### Assignment
The required output is the exact run of lines below that opens at the line with "CANSON BALLOON SKETCH PAD A3 24 SHEETS" and closes at the line with "173: Internet Protocol (TCP/IP) Properties window".

### Listed entries
>>>

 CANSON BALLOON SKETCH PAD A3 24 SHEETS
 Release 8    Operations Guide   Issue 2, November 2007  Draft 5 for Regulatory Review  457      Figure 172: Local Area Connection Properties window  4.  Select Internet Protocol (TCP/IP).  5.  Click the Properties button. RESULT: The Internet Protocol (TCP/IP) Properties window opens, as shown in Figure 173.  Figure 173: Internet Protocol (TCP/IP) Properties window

<<<
>>>

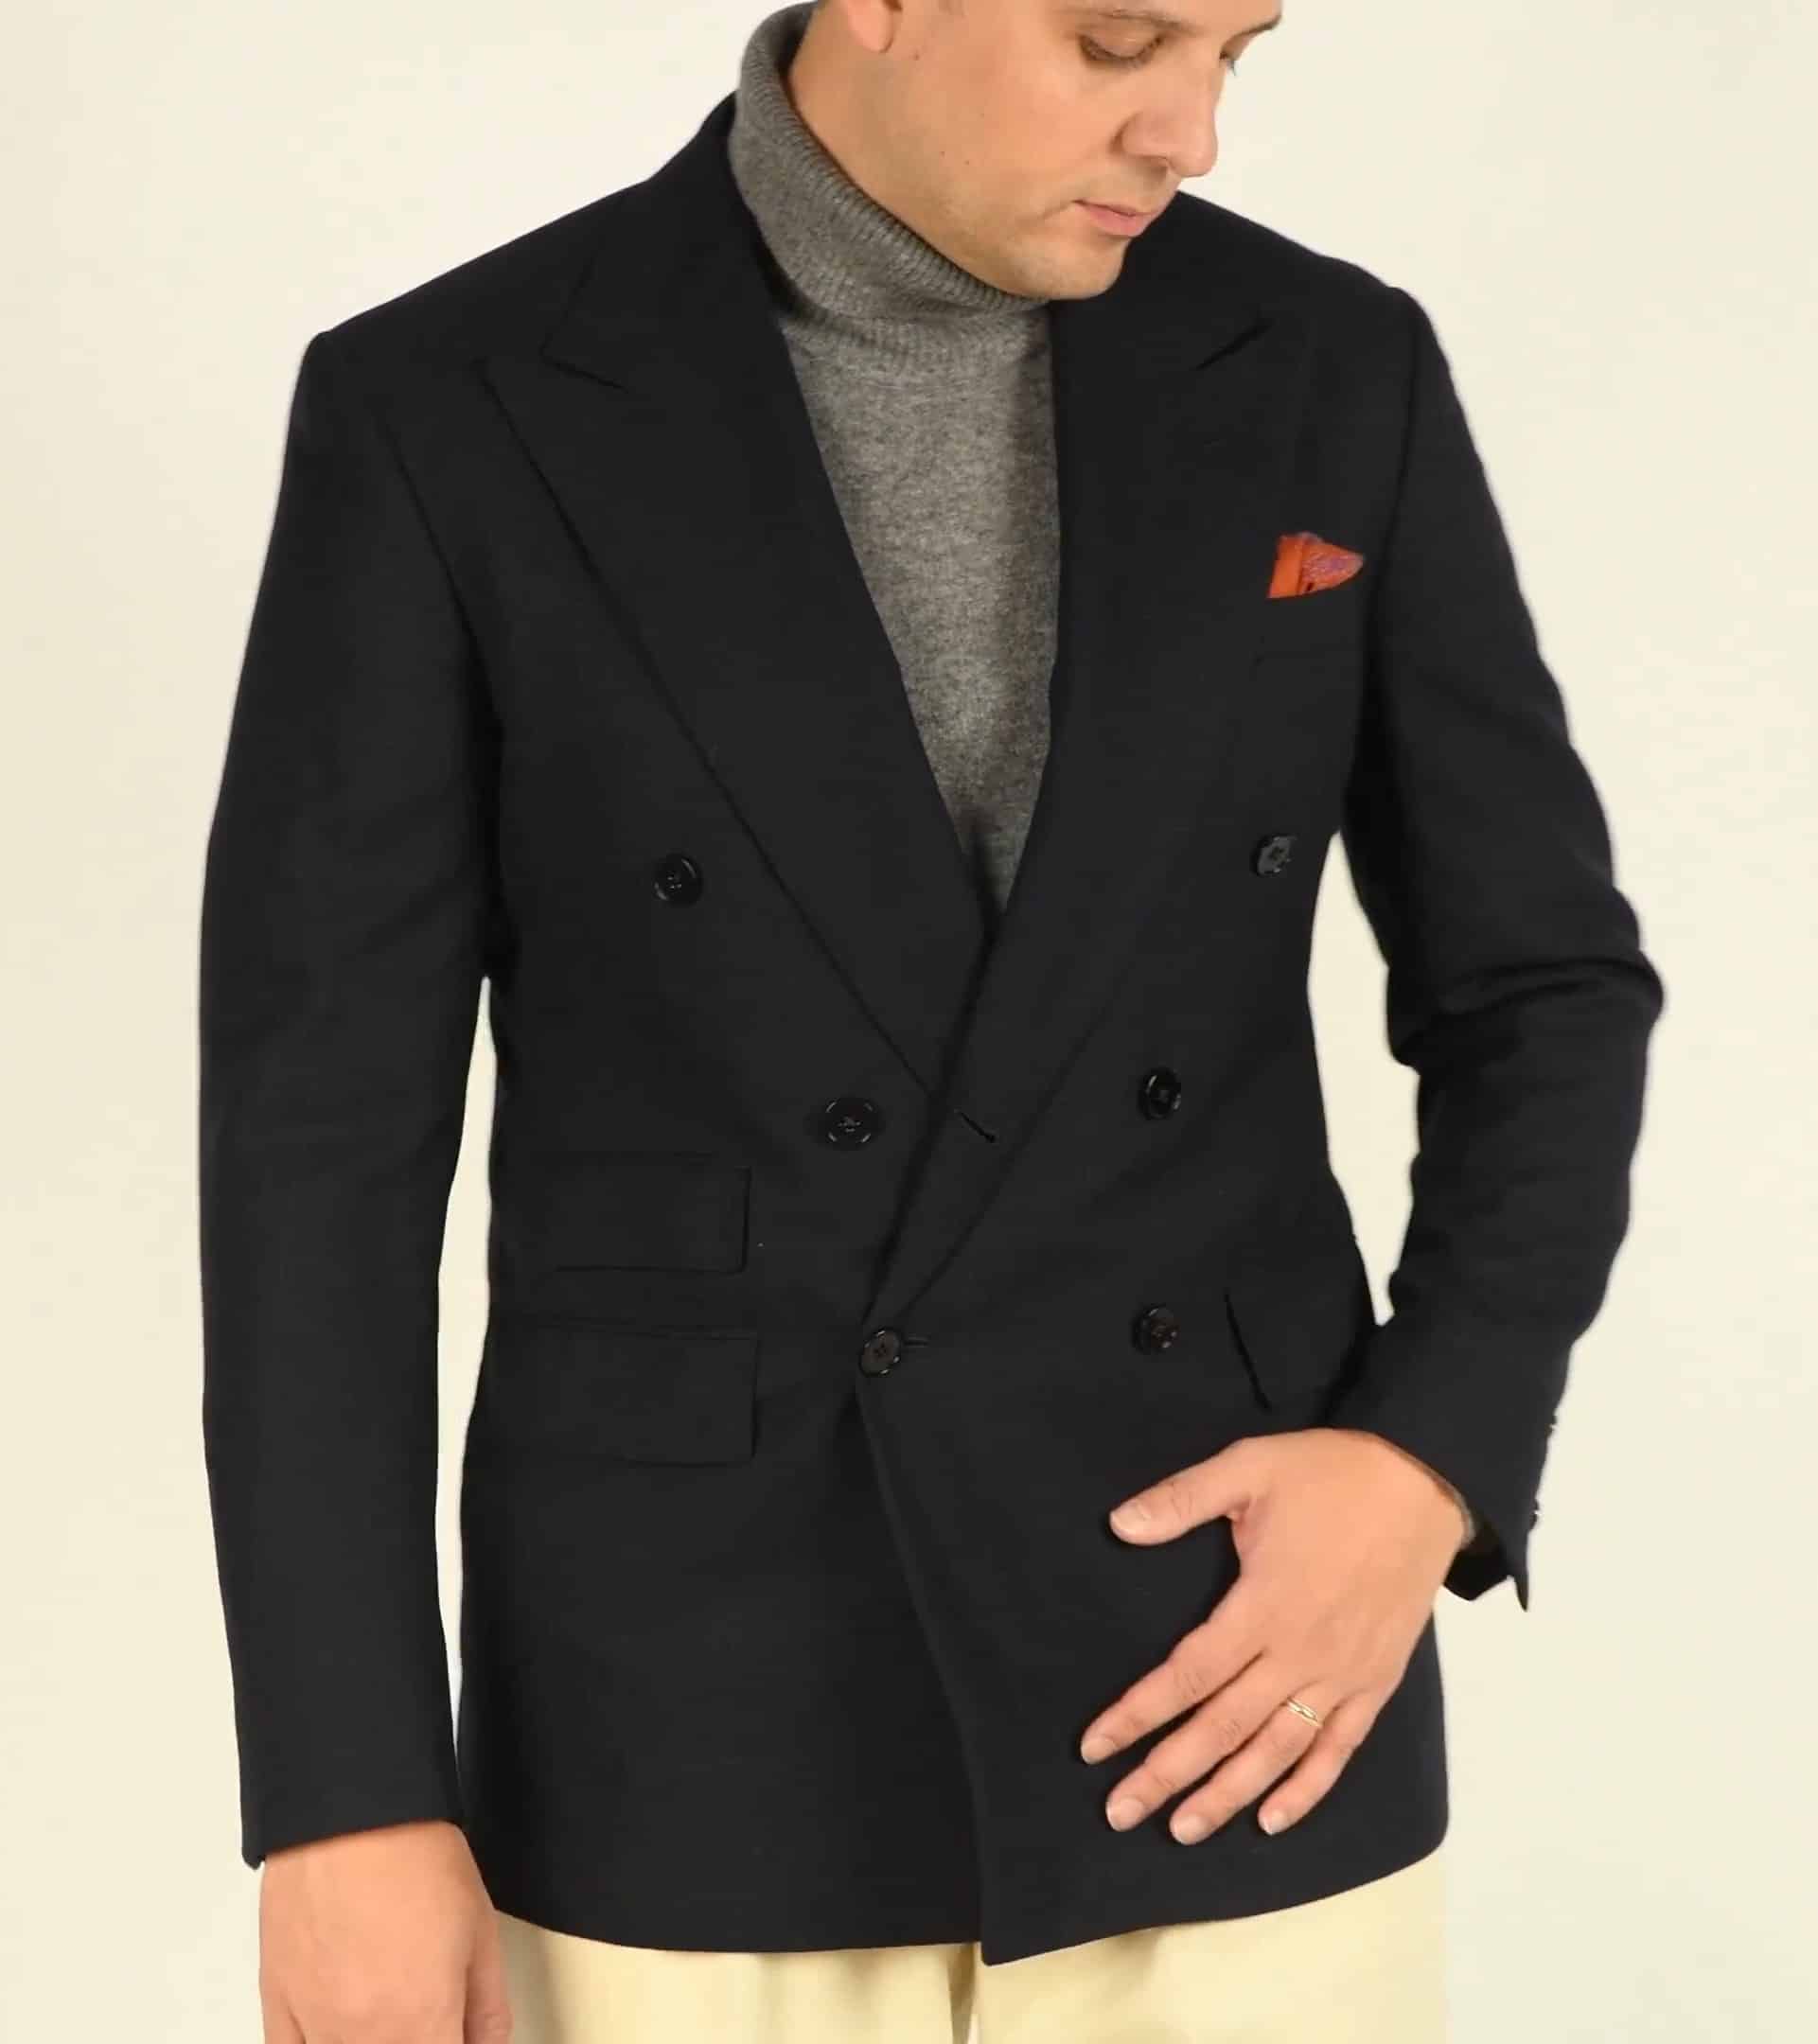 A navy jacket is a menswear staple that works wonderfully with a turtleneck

<<<
>>>

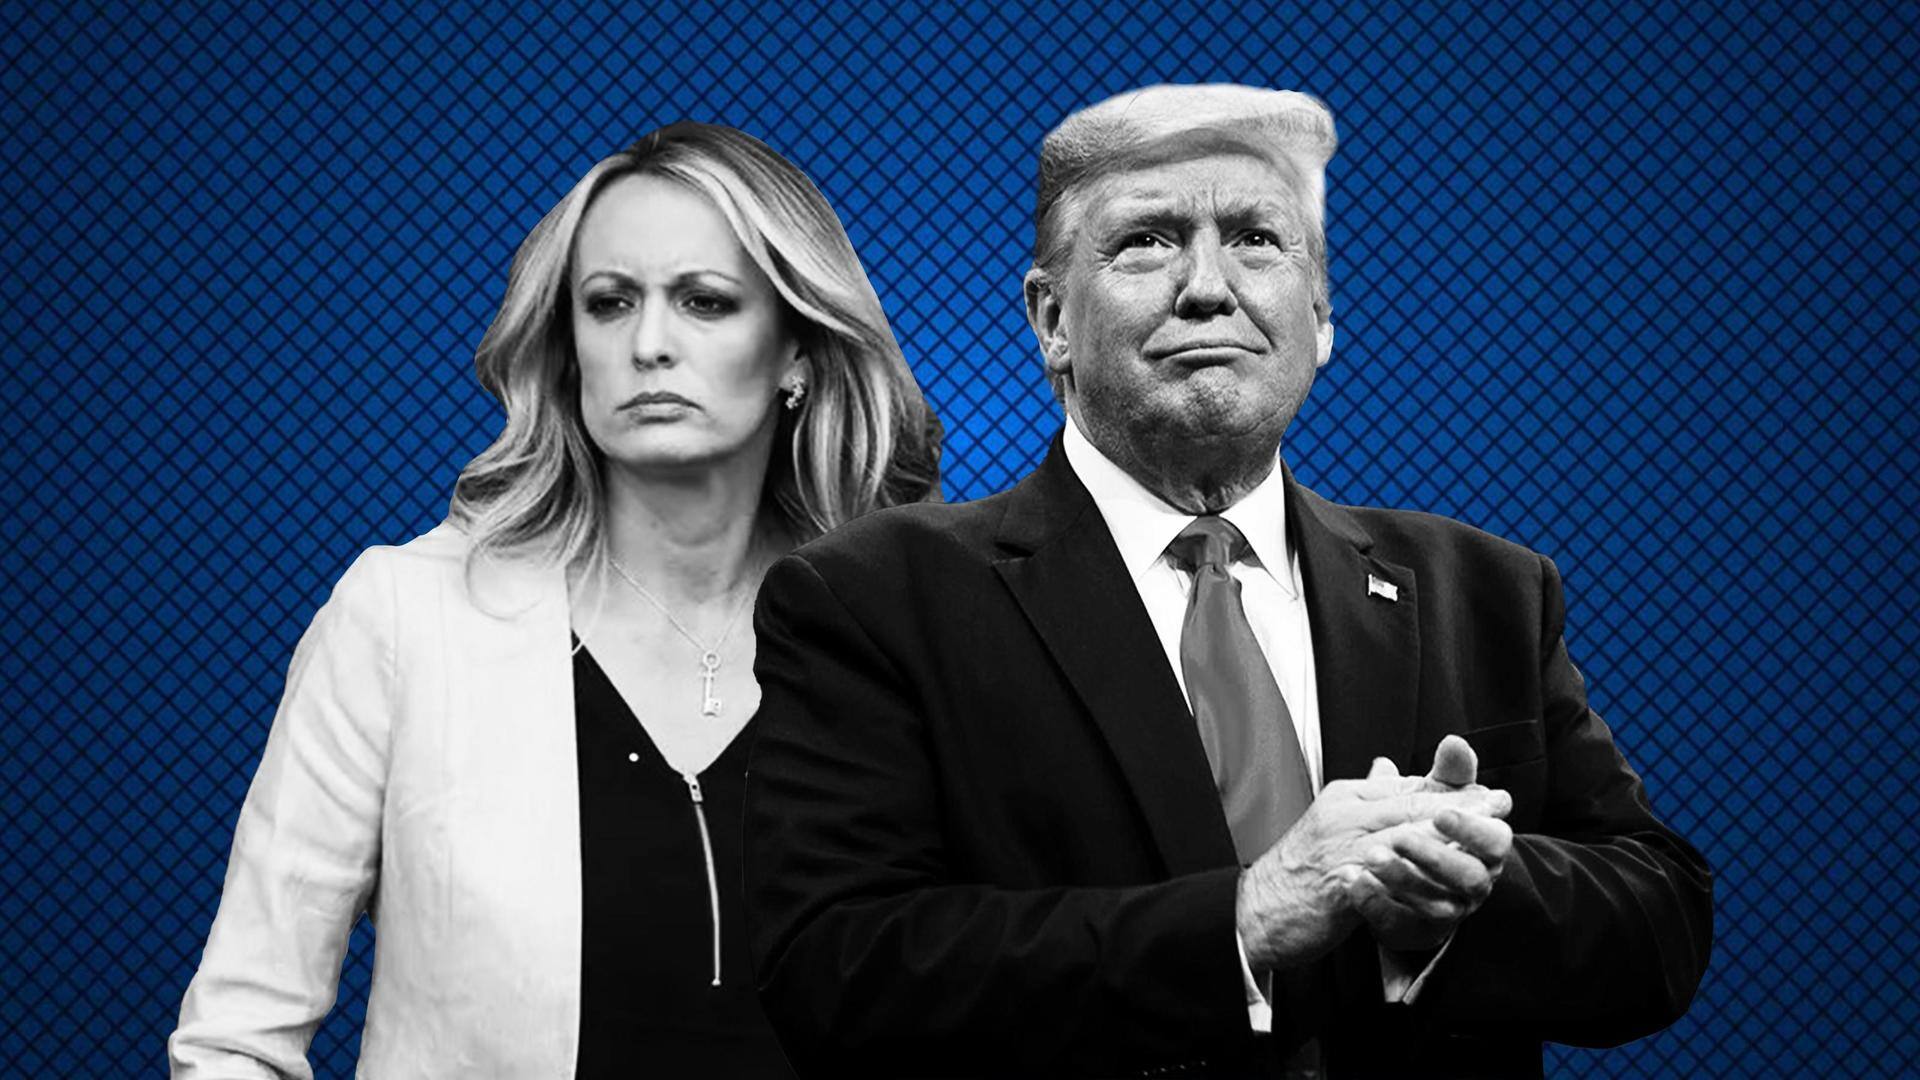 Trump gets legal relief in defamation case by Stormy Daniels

<<<

### Reply
 CANSON BALLOON SKETCH PAD A3 24 SHEETS
 Release 8    Operations Guide   Issue 2, November 2007  Draft 5 for Regulatory Review  457      Figure 172: Local Area Connection Properties window  4.  Select Internet Protocol (TCP/IP).  5.  Click the Properties button. RESULT: The Internet Protocol (TCP/IP) Properties window opens, as shown in Figure 173.  Figure 173: Internet Protocol (TCP/IP) Properties window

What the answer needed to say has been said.